Passion is what I felt after every interaction with a parent or a professional at an outreach event. Seeing the eagerness of a dad, arms full of NXT catalogs and FLL brochures, to go home and tell his daughter about the Lego robotics program for young students gave me the sense that the work I was doing, no matter how personal in scale, was important. Watching the eyes of education superintendents widen in surprise when they learned that an FRC bot is built in only 6 weeks made me giddy. Inspiring people to pursue STEM education is my passion, and I had to do it for a few years before I realized it’s what I love.
That being said, passion is still an intimidating thing. For this, I go back to Elizabeth Gilbert: “Passion is a tower of flame, but curiosity is a tiny tap on the shoulder — a little whisper in the ear that says, ‘Hey, that's kind of interesting…’ Passion is rare; curiosity is everyday...
The trick is to just follow your small moments of curiosity.” (Read her full article here.)
I agree with Elizabeth Gilbert, but at the same time, it’s the tower-of-flame nature of passion that makes it worth pursuing. If I’ve learned anything about passion, however, it’s this: that passion isn’t something you chase down. That real passion is the thing that comes to you in the midst of your curiosity-pursuing, whispering “Hey, I was here the whole time.” That when it finds you, you’ll know it.
Now, as a FIRST alumnus and barely-started college student (the west coast starts school ridiculously late in the year!), I’m far from done with my journey of discovering passion. If there’s one thing I’ve learned from the many college advice panels I’ve listened to and articles I’ve read, it’s that college is a time to try new things, to “follow your small moments of curiosity.” There’s a certain joy to being able to pursue things just because they’ve captured your interest, whether it’s an introsem on digital literature or a no-experience-needed student club for competitive ballroom dancing or a campus organization for unicycle basketball (yes, it’s a thing).
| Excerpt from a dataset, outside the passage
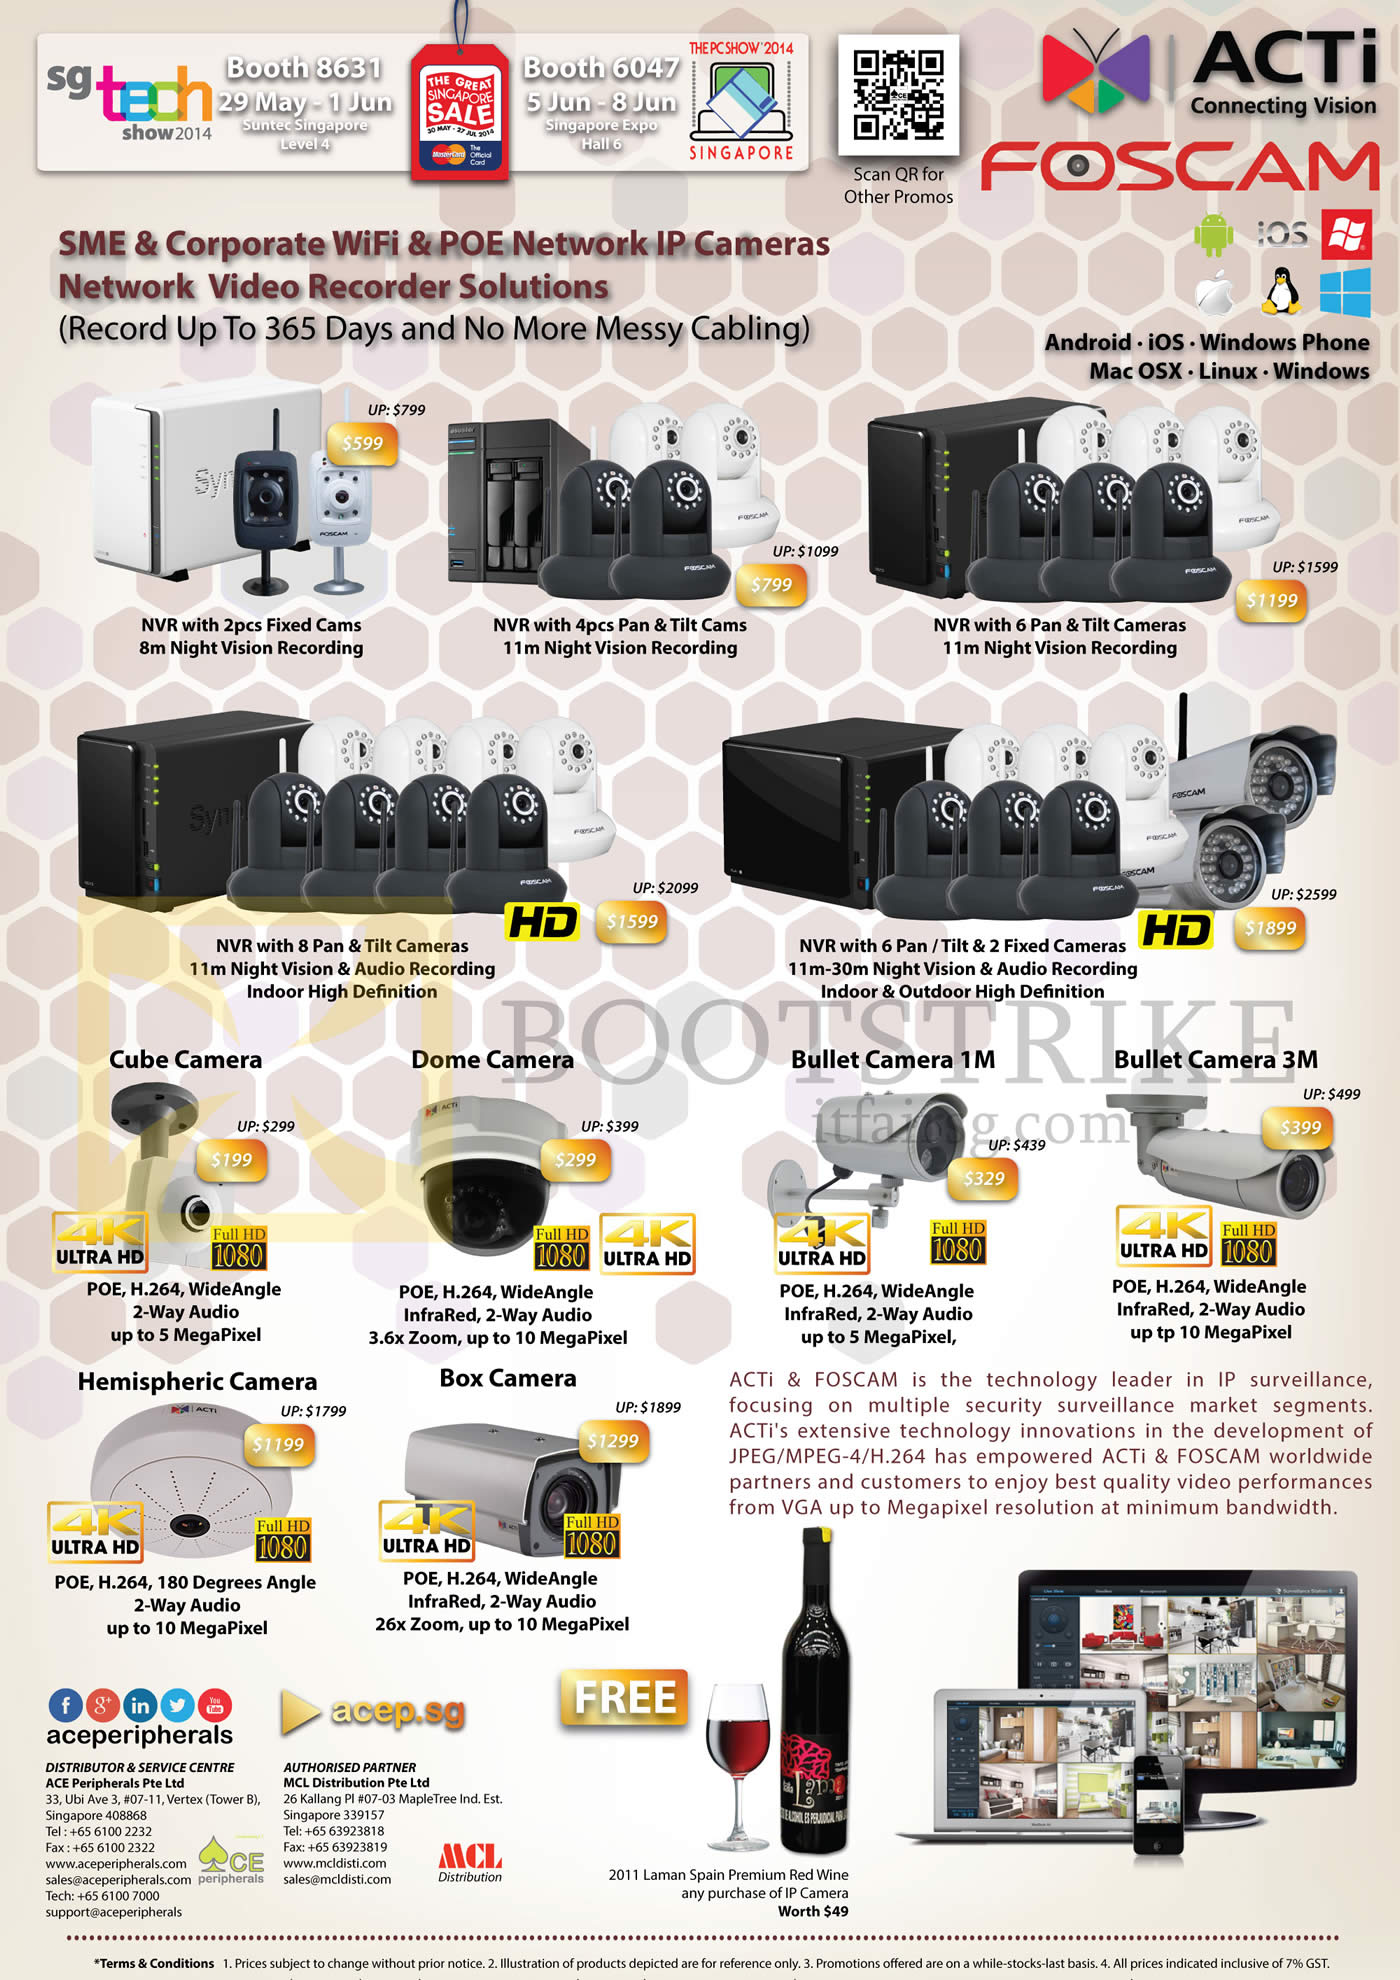 PC SHOW 2014 price list image brochure of ACE Peripherals ACTI Foscam Wifi, POE Network IP Cameras, Night Vision Recording, Cube, Dome, Bullet, Hemispherix, Box

I’m thrilled to have the next four years to pursue my curiosities and wander into new passions, and I’m beyond grateful for the FIRST robotics program and my team for giving me the confidence to tackle the unknown and revel in challenges. FIRST robotics taught me how to grow, and that is something I’ll never stop needing.
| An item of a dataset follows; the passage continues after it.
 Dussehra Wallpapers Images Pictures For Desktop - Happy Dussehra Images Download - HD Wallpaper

A big THANK YOU to FIRST Ladies for providing this amazing platform and community for FIRST-lady-driven content and especially to Rachel Hunter for letting me drag this out over 3 weeks. :)
If you have questions or just want to talk about college (applications, decisions, post-high-school life), being a lady in FIRST, the FRC experience, or being a young human during a confusing time of big decisions, feel free to talk to me!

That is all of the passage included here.